Well, TurtleMeister and people in the thread that CarlAk linked to seem to be saying that upon hitting the ramp, the tires would actually slip...

 

[Uk_Ghost]

Ah now that i can grasp. If its a question of friction then i can see why it would stop. Not because the tyres are moving any slower than they were but because they are unable to get the grip needed to be propelled so suddenly at that speed. So the amount of acceleration would rely purely on the friction existing between the ramp and the tyres.

 

[cepheid]

Ah now that i can grasp. If its a question of friction then i can see why it would stop. Not because the tyres are moving any slower than they were but because they are unable to get the grip needed to be propelled so suddenly at that speed.

Yeah, but I don't know if that's the right answer, so I hope others can comment.

 

[TurtleMeister]

When a plane touches down on the runway, there is a short period of skidding until the wheels ramp up to speed. It's just the opposite when the cars wheels hit the ramp. However, there is the addition of the cars engine which also must ramp down. The driver may need to make an adjustment as he enters the ramp. I saw the episode on Myth Busters and it was done quite easily.

 

[willem2]

EDIT: Nope. TurtleMeister confirms my original thinking. So when the vehicle hits the moving platform, its tire rotational speed actually slows down in order for the vehicle to maintain the same road speed? How does that work?

Conservation of energy and conservation of momentum.

There's no way for the car to suddenly gain the kinetic energy to go 145 mph. There's
only a tiny bit of rotational energy in the wheels that might increase the speed with 1mph.
There's no force on the car to suddenly increase the momentum to give the car a speed of 145 mph.

If you had a very long truck and continued to accelerate, you will be much faster than a car that stayed on the road however, because you can put the car in 1st gear again. You will be robbing kinetic energy from the truck here, because you push yourself forwards by pushing the truck backwards. There's no way for this to happen instantaneously tough. The engine must produce the kinetic energy that the car will get because of its speed relative to the truck.

 

[Uk_Ghost]

So this is just a problem of inertia?

 

[Cleonis]

Ah now that i can grasp. If its a question of friction then i can see why it would stop. Not because the tyres are moving any slower than they were but because they are unable to get the grip needed to be propelled so suddenly at that speed. So the amount of acceleration would rely purely on the friction existing between the ramp and the tyres.

Conversely, imagine what would happen in the theoretical case of the tires having infinite grip. Then as the front wheels of the front wheel drive car move onto the ramp the tires would have to slow down instantly to 5 mph, which would cause the car's engine to shut down. (More likely the gear box will be trashed.)

Since the tires have only so much grip they are certain to slip initially. They will have some traction though, so the driver must ease off the gas immediately. It's certainly a dangerous thing to do.

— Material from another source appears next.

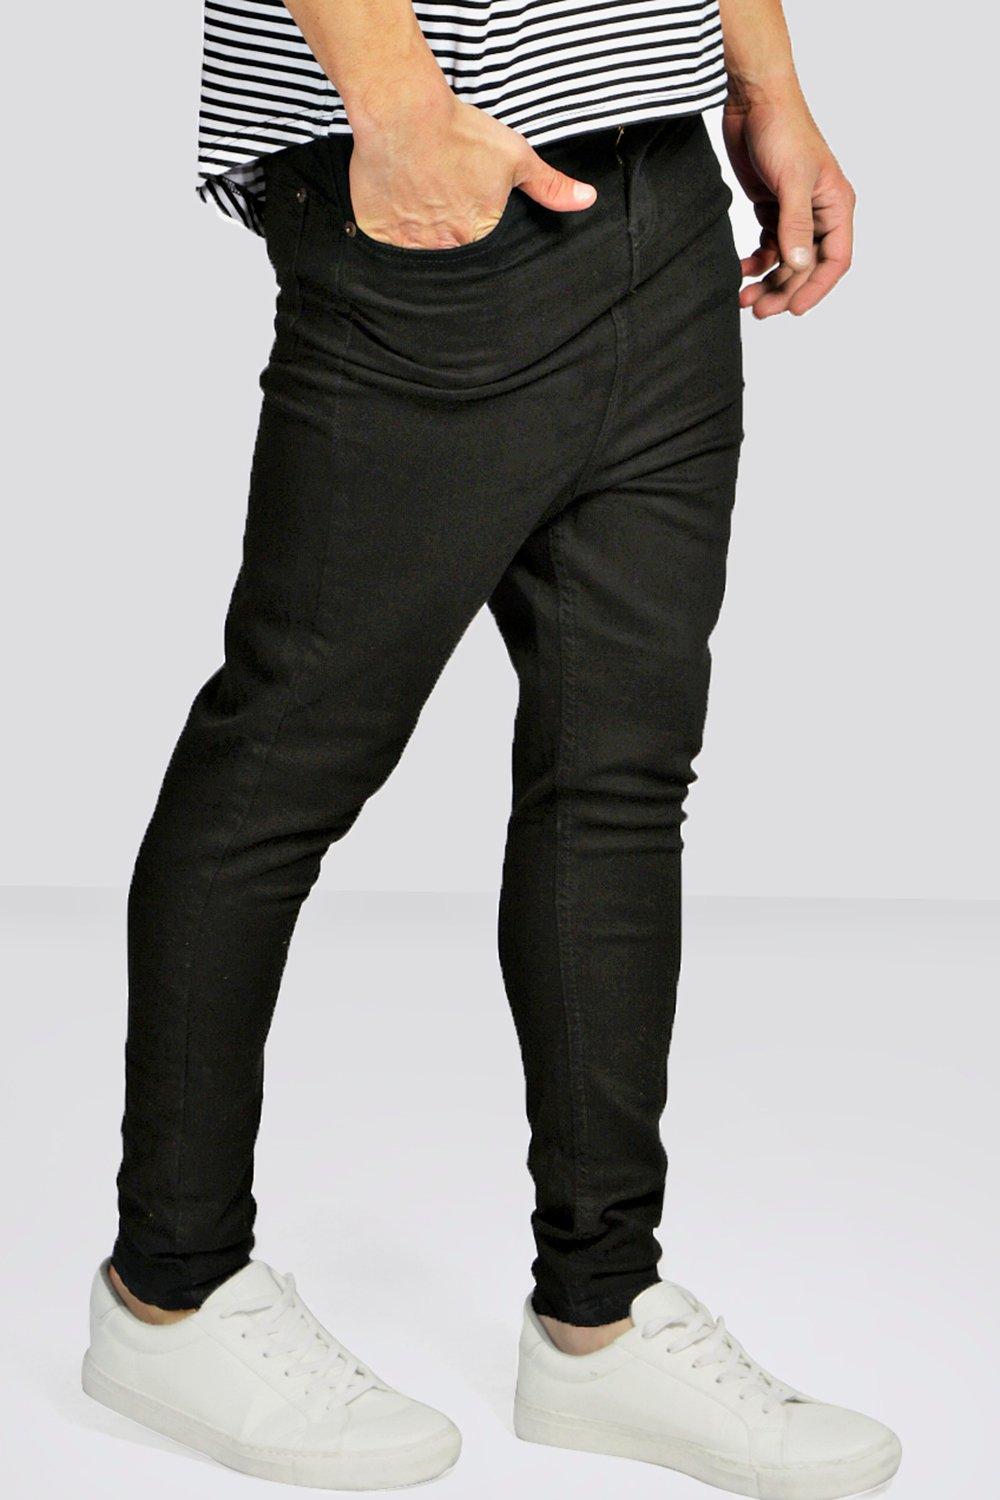 Boohoo Mens Drop Crotch Skinny Black Jeans | eBay

I also think that it's much more difficult with a front wheel drive car than with a rear wheel drive car.
If the car is rear wheel drive then the front wheels will roll onto the ramp relatively easily, and by the time the rear wheels move onto the ramp the car is in a good position.

With a front wheel drive car traction and steering is combined in the front wheels, and as the front wheels move onto the ramp, and momentarily slip, steering is also lost momentarily. I think that makes it much more dangerous.

The stunt of driving front wheel drive cars onto a moving ramp has been performed, for the 1969 movie 'The italian job'. The cars used were Mini Coopers. (In 2003 another movie called 'The italian job' was released, also featuring Mini Coopers, and a heist, but otherwise a different story).

Cleonis

 

[Uk_Ghost]

Thanks for the help everyone. That one has been bugging me for a while. Been over it with loads of friends but we could never come to a solid conclusion heh.